Echhh.. no wiec.. Klementyna rozwiesza jemiole, Patyna sciaga pajeczyny, Gogers pobiegl po choinke, (ciekawe komu ja zwinie) ;D Mlode ogierki wieszaja skarpety, Hasina zamiata stajnie... A ja ? Pilnuje zeby dobrze wszystko zrobili ;P wkoncu ja tutaj rzadze nie? Takze przygotowania do swiat pelna para :D A i widzialem ze P.Jola tez sie nie obija u siebie... wszystkim udziela sie swiateczny nastroj, niektorym az za bardzo bym powiedzial Gogers i Klementyna nie powinni razem spiewac koled :/ :/ no ale niech im bedzie tym raze przymkne na to oko a raczej ucho... Patyna zainwestowala nawet w stopery z tego powodu :D:D:D Ok bede konczyl bo jak tylko spuszcze ich z oka to zaraz sie obijaja ;P
Takze moi kochani Wesolych Swiat i Szczesliwego Nowego
Roku
"ZaFolblucenie Stajni"
W ostanich dniach do mojej stajni zawitalo 9 nowych koni a zeby bylo ciekawiej wszystkie to Folbluty (widze w tym reke Gogersa) ale spokojnie z tego co wiem to ja je bede bzykal a ze na zime mi sie troche przytylo to dam sobie rade :D:D:D ehh.... co ja sie mialem zeby je wszystkie do porzadku przywolac ale jakos sie udalo nawet mlode ogierki zrozumialy gdzie ich miejsce... hi hi :D Takze ostanie kilka dni byly pracowite...

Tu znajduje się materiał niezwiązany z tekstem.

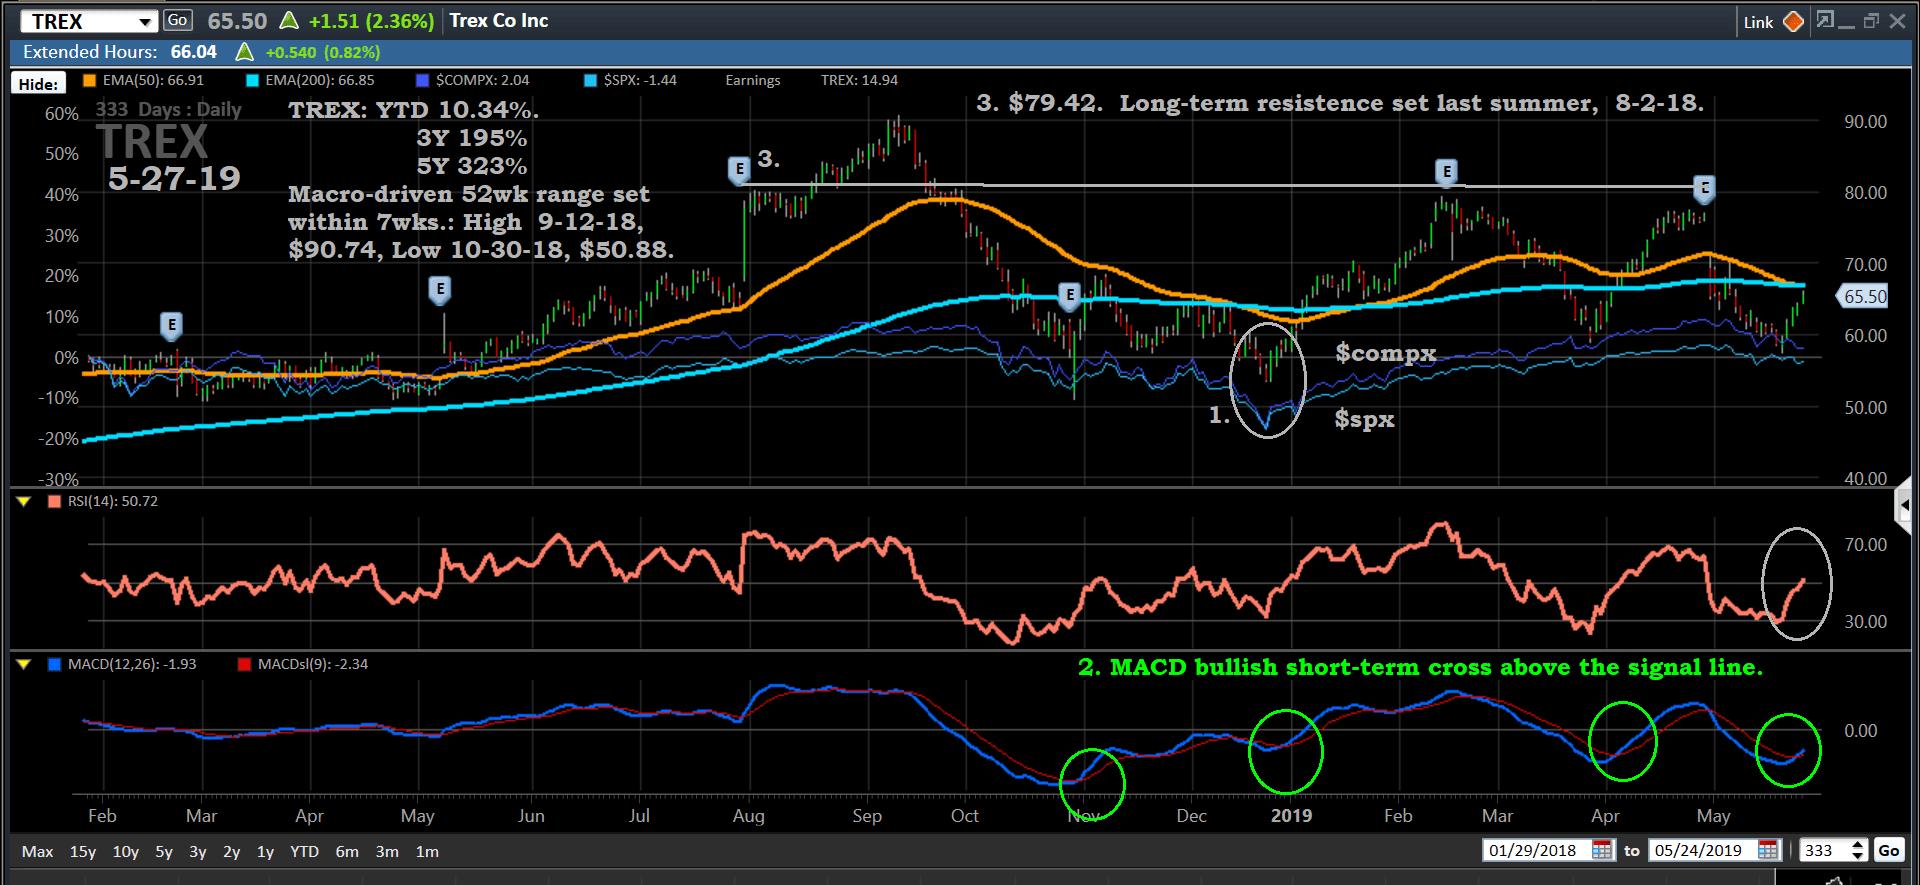 Chart, TREX, 5-27-19

"ZaFolblucenie" Stajni odbilo sie takze na okolicy gdyz nie
wszystkie konie u nas zostaly a kilka pojechalo do sasiednich stajni takze
przyszloroczne Gonitwy Wloscianskie i Hubertus beda wyjatkowo ekscytujace (ale
Kto zakasuje wszystkich ?? JA :D:D)
Podsluchalem kury ostatnio jak gdakaly ze ponoc juz sie szykuja i trenuja :D
Ehh... co to sie dzieje czyzby Sluzewiec przeniosl sie do
Narusy???
Co za czasy...
A teraz nam tylko pozostalo czekac na snieg i pewnie niedlugo w saniach bede wozil Sw. Mikolaja...
Hubertus 2006
Wiec... zaczelo sie od samego rana kazdy czyscil swojego konia i przygotowywal sie psychicznie do wyjazdu ;)... no i wkoncu godz 13:00 komenda "na kon" i ekipa pod Mastrem Jolanta Tulisow ruszula oczywiscie starannie przygotowana trasa nie oszczedzila kilku osob (pozdrowienia dla Krzyska zdobywcy nagrody za odwage gdyz startowal na najmlodszym koniu) i pare upadkow mialo miejsce... Pozniej Wielka Gonitwa Wloscianska ktorej zwyciezcami byli Jeden z Braci Ostregow na Peliku w klasie do 5lat i Przemek na Just Jubilee w klasie do 5 lat (wyniki dokladne pojawia sie pozniej;) oraz Pogon za lisem ktorej zwyciezca byl hmm... Jezdziec z Braniewa na Dumce..;) Same polowanie na lisa takze nie oszczedzilo kilku osobom upadku, a jeden z nich byl nawet powazny gdyz mialo miejsce zdezenie czolowe dwoch amazonek (Moniki i Uli) jednak poza kilkoma siniakami nic sie nie stalo a nasze poszkodowane reszte dnia spedzily na obserwacji w szpitalu... Do wieczora goscie sie rozjechali a pozostalo tylko kilkoro wytrwalych startujacych na drugi dzien w mlodziezowym...noc minela dosc wesolo no i niestety na zajutrz pogoda juz tak nie dopisywala jednak wytrfali jezdzcy nie odpuscili i wyruszyli.... wszyscy przemoczeni po dosc krotkim terenie spotkali sie na lini startu w Gonitwie Wloscianskiej i rowzniez tym razem wyscig jak i Lis nalezal do Braci Ostregow :D :D cos z tym trzeba zrobic ;) hehe... Pozniej wspolne rozmowy przy grillu i tak sie skonczyl drugi dzien Hubertusow
Na kolejny weekend przyszedł czas...
21-22.10.06
Jako, że Hubertus tuż tuż, w Tulisówce wrze od pracy. Każdego dnia konie muszą mieć trening, żeby dały z siebie wszystko 28 października :) A starają się bardzo - podobnie jak ich jeźdźcy :D
Szykuje się kilka niespodzianek - mamy nadzieję ;> - ale o nich szaaaa :) Wszystko wyjaśni się dopiero tego oczekiwanego dnia :)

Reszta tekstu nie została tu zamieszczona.